A section has its own attributes, like the time it's offered, and the teacher who teaches it. This list of attributes could potentially change in the future, making it very difficult to manage if this data lived within the Courses model.

courses

id	name	description
1	Introduction to Software Development	The course is focused on software development...
2	Taco-Making 101	In this course, you’ll learn how to build a proper taco...

sections

id	time	course_id	teacher_id
1	Tuesday 8:30-11:30am	1	2
2	Wednesday 6-9pm	1	1
3	Wednesday 6-9pm	2	2
4	Thursday 6-9pm	2	1

Aaaahhh! So much better. Now the Course model only holds information about the course itself, delegating the data about each section to the Section model. We can now support as many sections as needed without resorting to changes in our database design.

We can also see that, in order to create a one-to-many relationship in a domain model, we simply need to add a foreign key column on the "many" side of the equation.

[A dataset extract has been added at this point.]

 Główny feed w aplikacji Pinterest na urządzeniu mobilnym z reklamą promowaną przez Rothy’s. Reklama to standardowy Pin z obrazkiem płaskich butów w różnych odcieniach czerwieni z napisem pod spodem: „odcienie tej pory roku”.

In this example, because one course has many sections, we add a course_id to sections and we're there.

And yes, there are two foreign keys on sections, because there are actually two one-to-many relationships where Section is involved.

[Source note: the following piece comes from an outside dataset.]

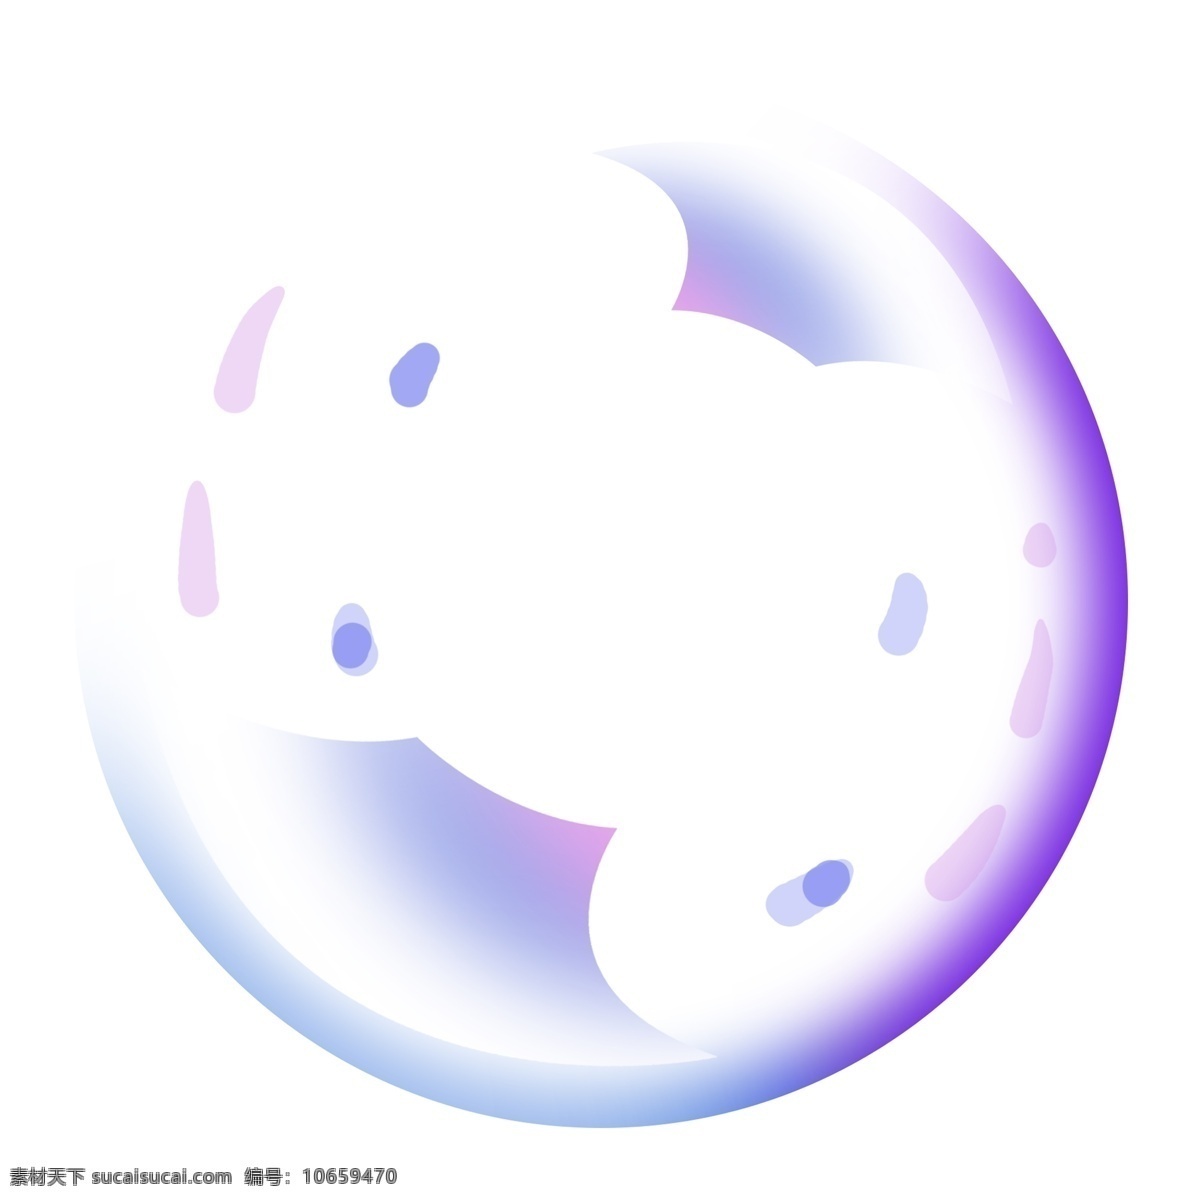 炫彩 紫色 气泡 插画 炫彩的气泡 卡通插画 气泡插画 泡泡插画 晶莹的气泡 漂亮的气泡 紫色的气泡

A course can have one to many sections. A teacher can have one to many sections.

Here we see the last piece of the puzzle:

Two one-to-many relationships = One many-to-many relationship

A course can have many teachers. A teacher can teach many courses. The relationship between our Course and Teacher models is a many-to-many relationship, and the Section model is known as their join model.

Naming Conventions

We've seen enough of domain modeling that it now makes sense to talk about the conventions we've been using. Although there is not a technical reason to adhere to these conventions, it is certainly a set of best practices that we will continue to follow for the remainder of this course.

When talking about models like Course and Section, we write them in the singular form, and beginning with a capital letter – it will make sense why we do this later in the course.
Database table names like courses and sections are always plural, and in all lower-case.
Column names are always in lower-case, e.g. name or description.
If a table or column name is made up of more than one word, we separate the words by underscores, e.g. first_name or teacher_id.

Lab

Begin with the template project on GitHub, create a new repo from the template, and open this repo in Gitpod.

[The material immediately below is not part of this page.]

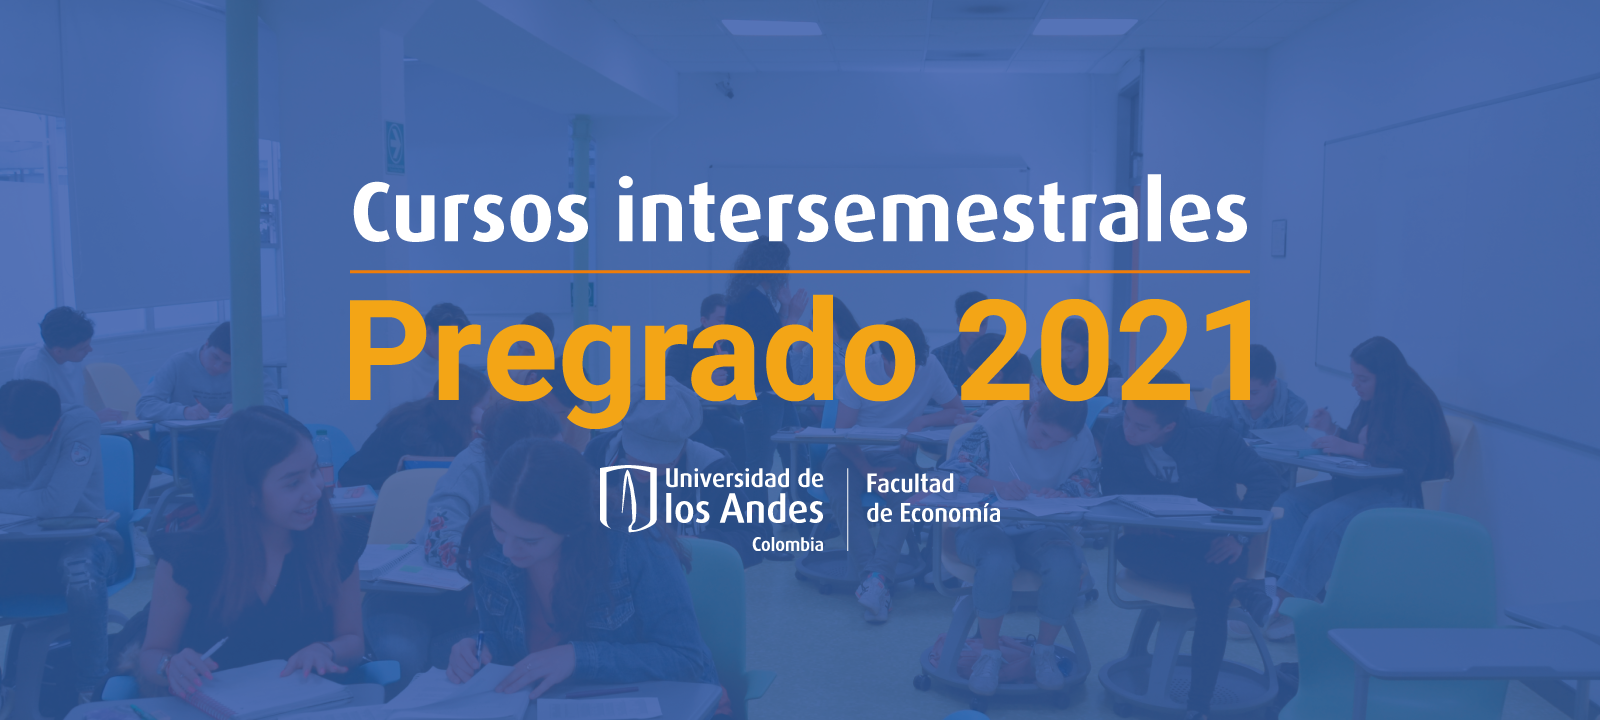 cursos-intersemestrales-pregrado-desktop.png

Modify the school.sql script to make the courses, teachers, and sections tables real (the statement that creates the students table is already there). Execute the script by running .read school.sql at the SQLite prompt, and execute the .schema command to ensure that everything went as expected.
Design the model that allows students to sign up for classes – let's call it Enrollment – do it on paper, in Excel, or any other tool of your choice.
Add the enrollments table you designed above by writing a CREATE TABLE statement in the school.sql script, and execute the script. (For reference, you can find the SQL for adding tables here.)